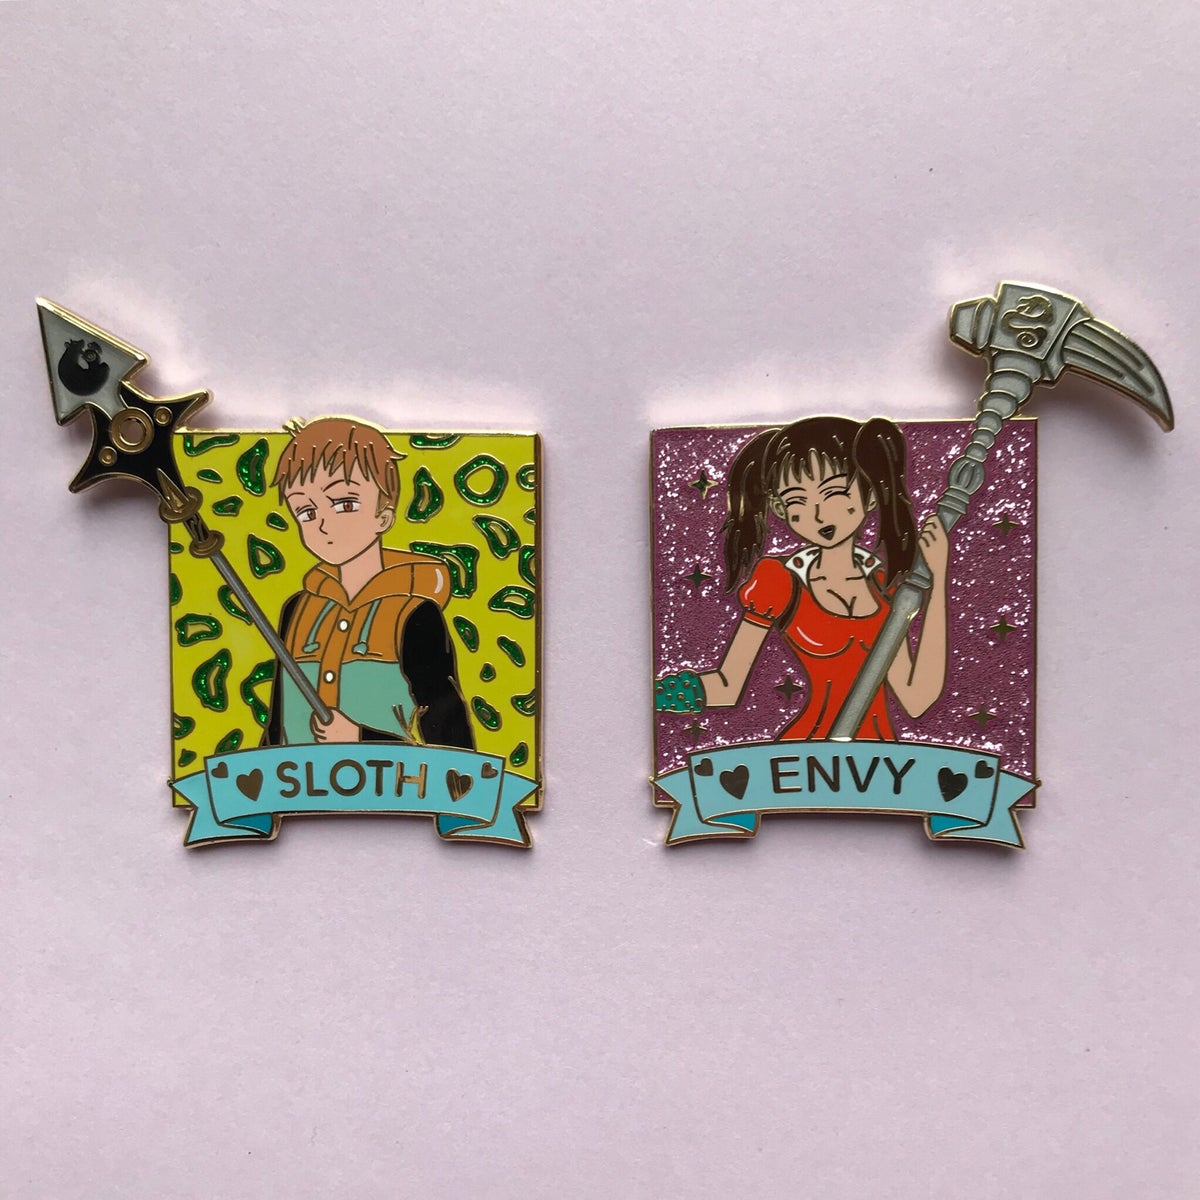 Image of Envy & Sloth
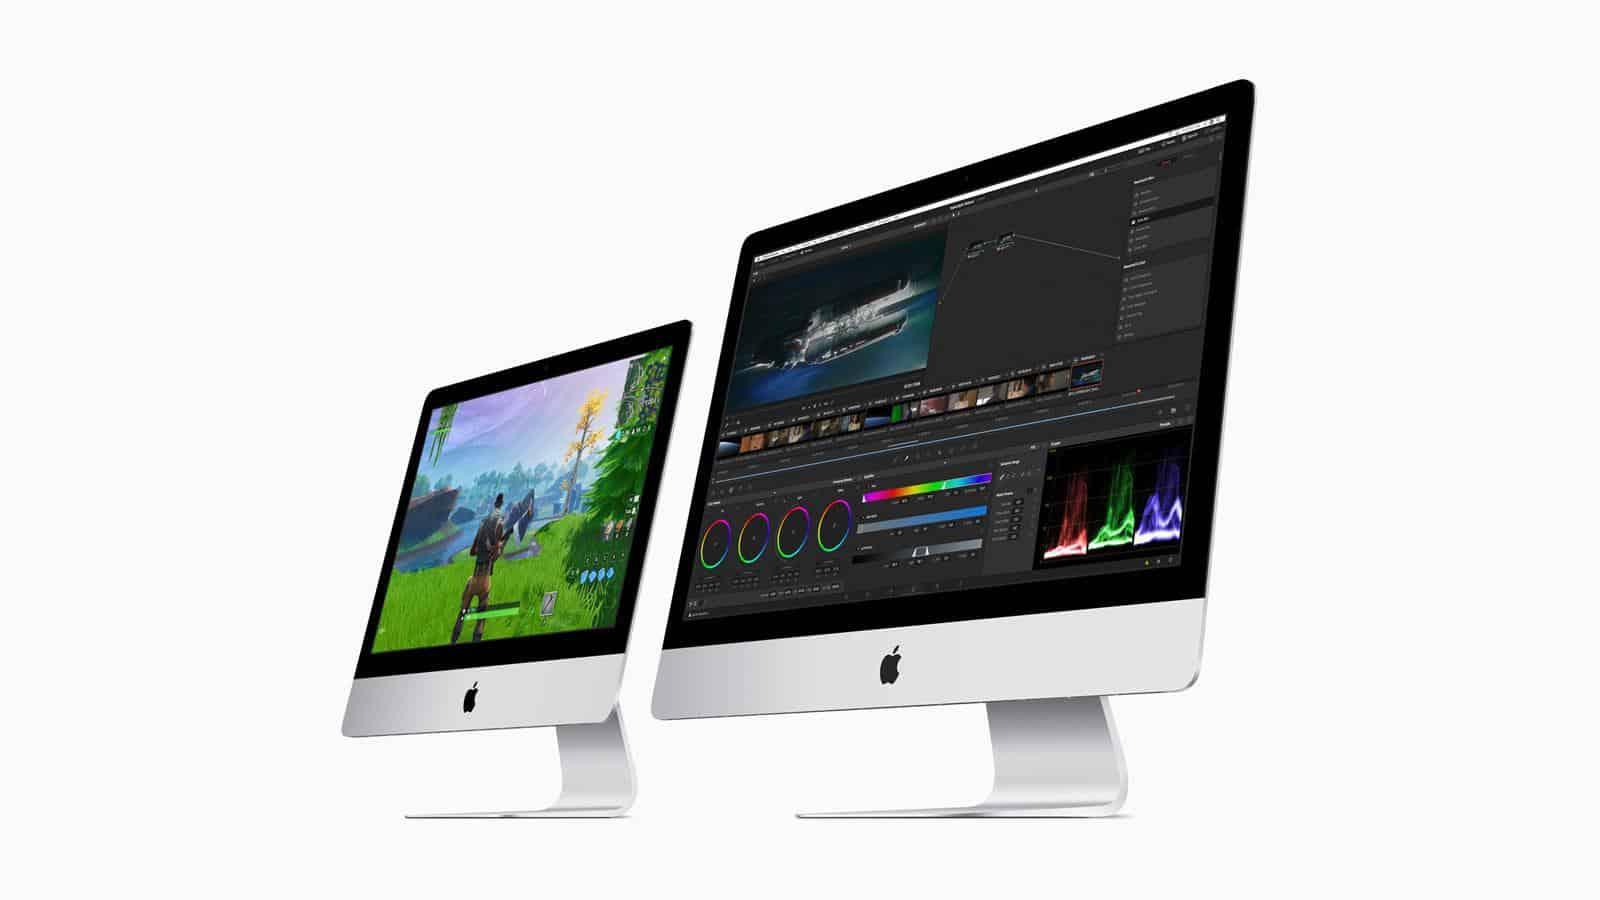 iMac de 27 Arm
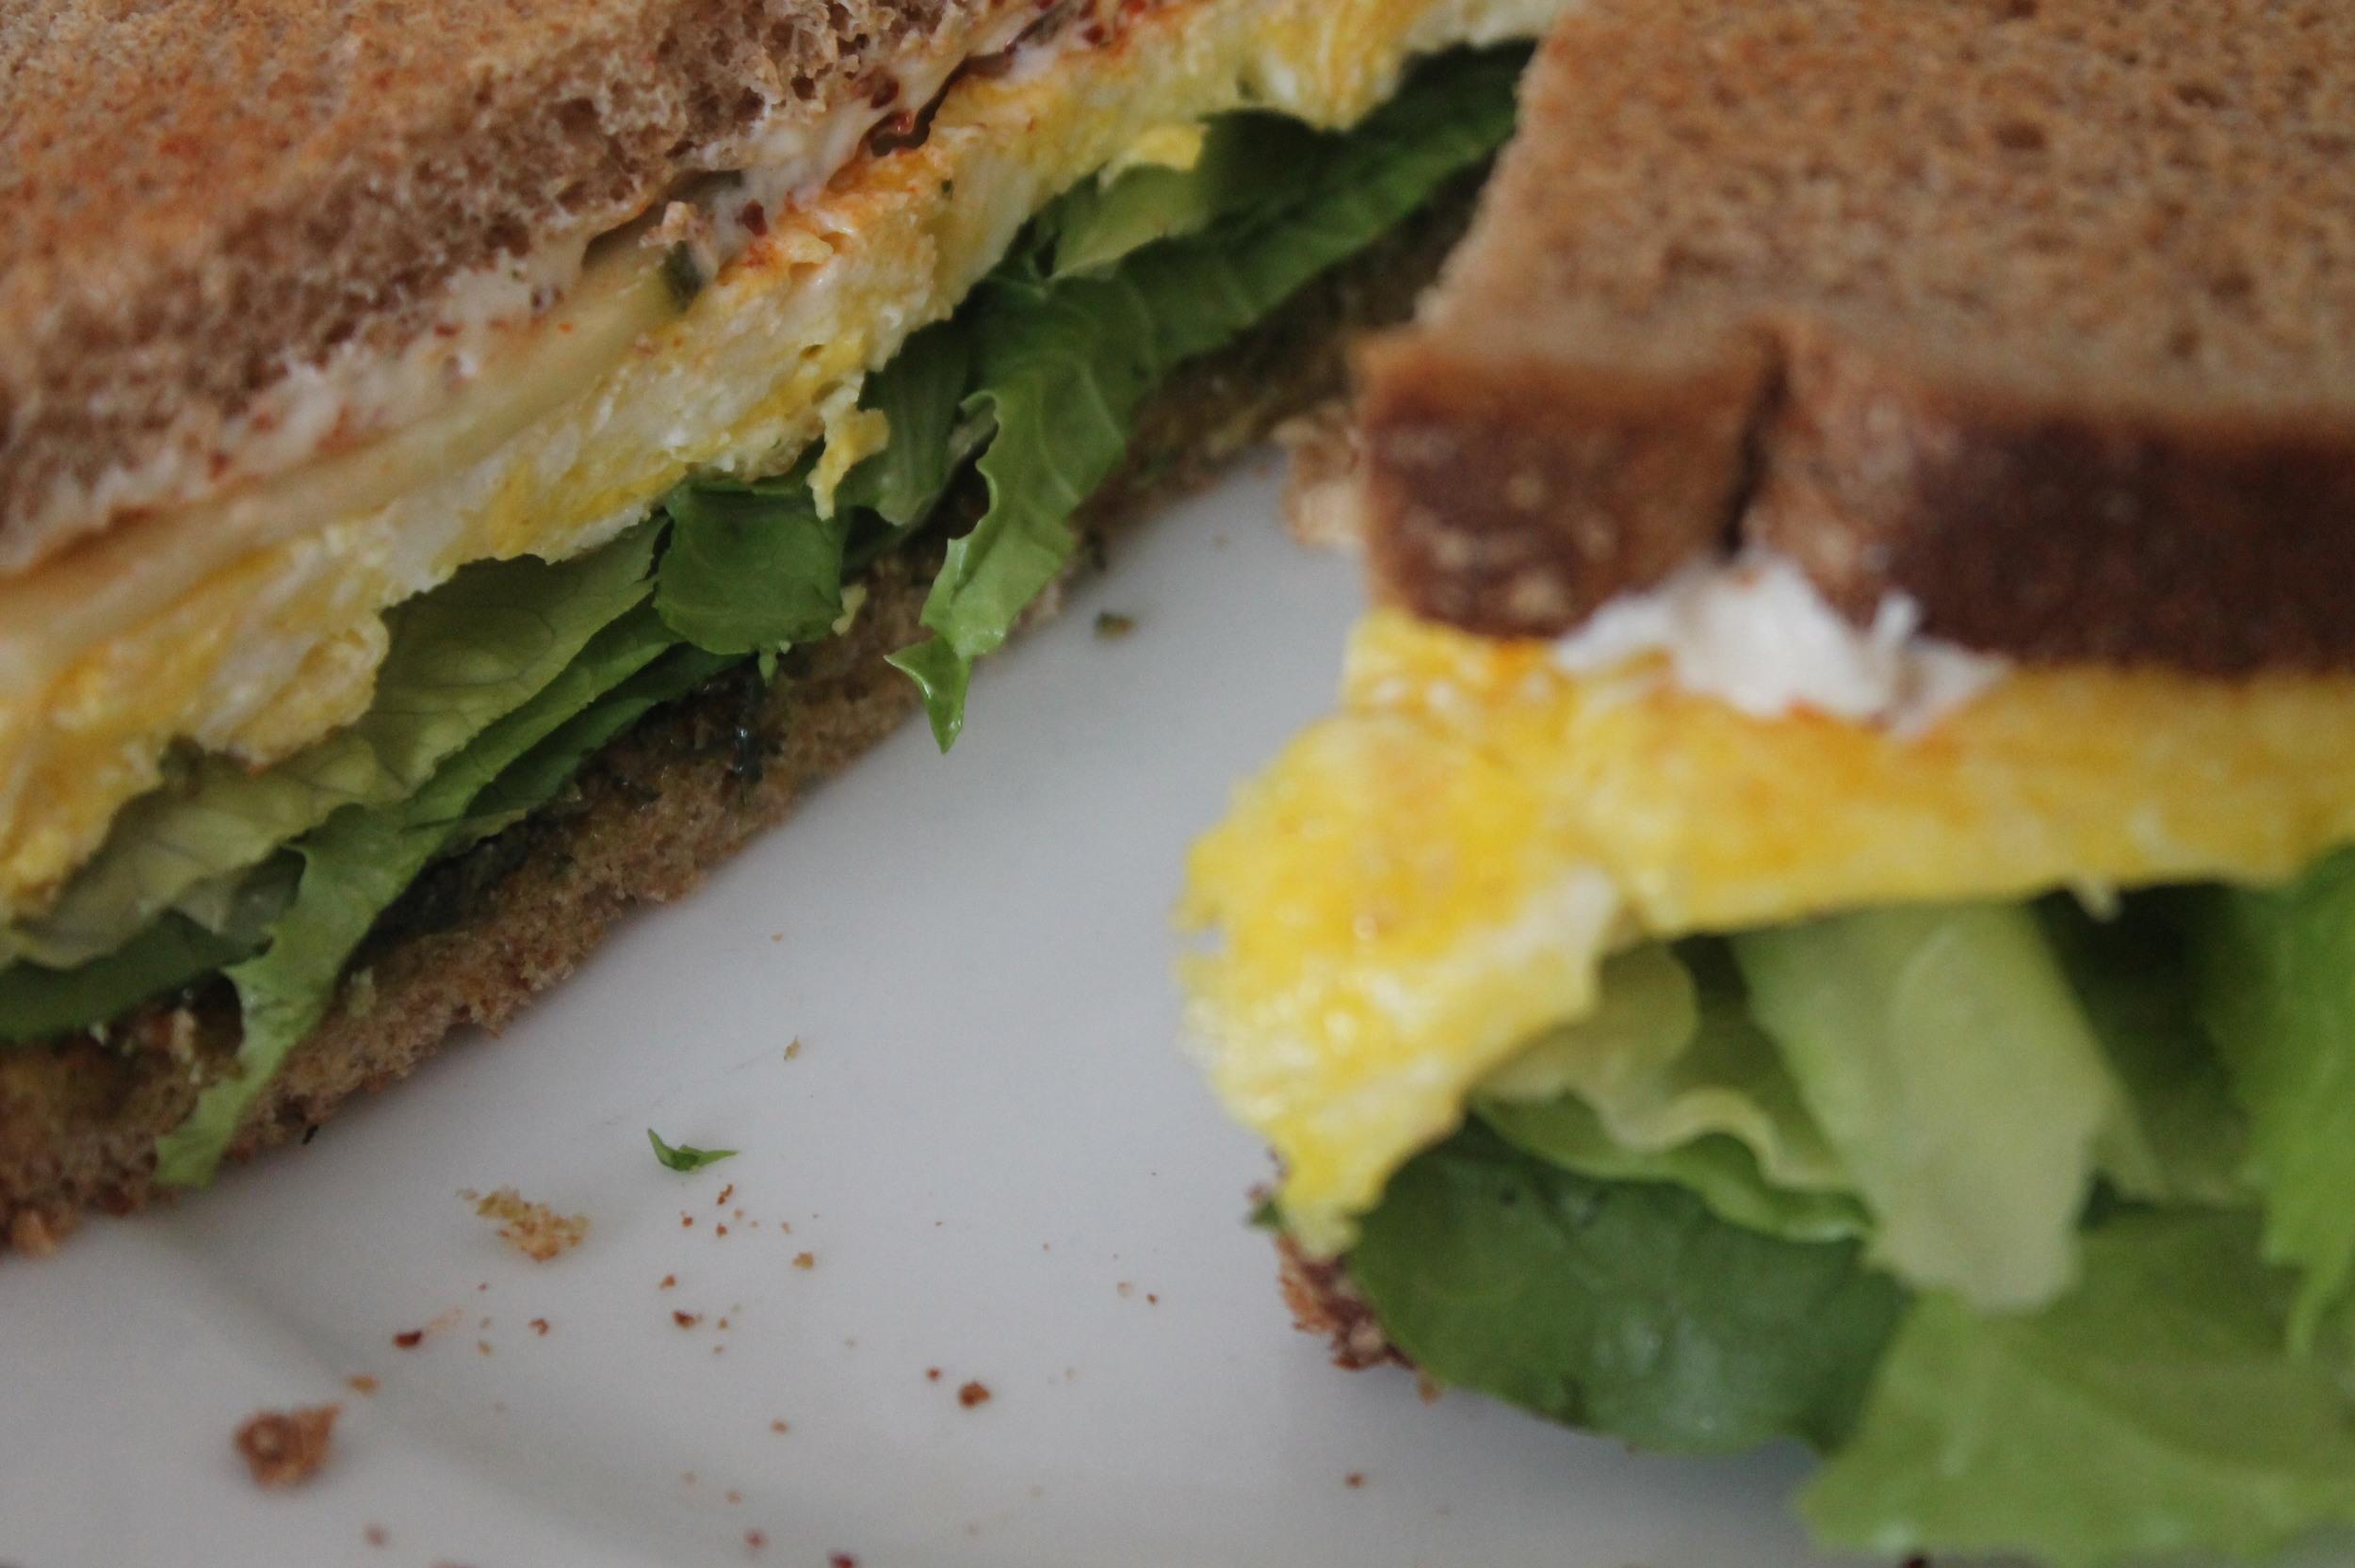 Gotta love a good breakfast sandwich.

Your objective
Each of the lines above should be transcribed exactly; no image is to be copied.

Solution below
 Image of Envy & Sloth
 iMac de 27 Arm
 Gotta love a good breakfast sandwich.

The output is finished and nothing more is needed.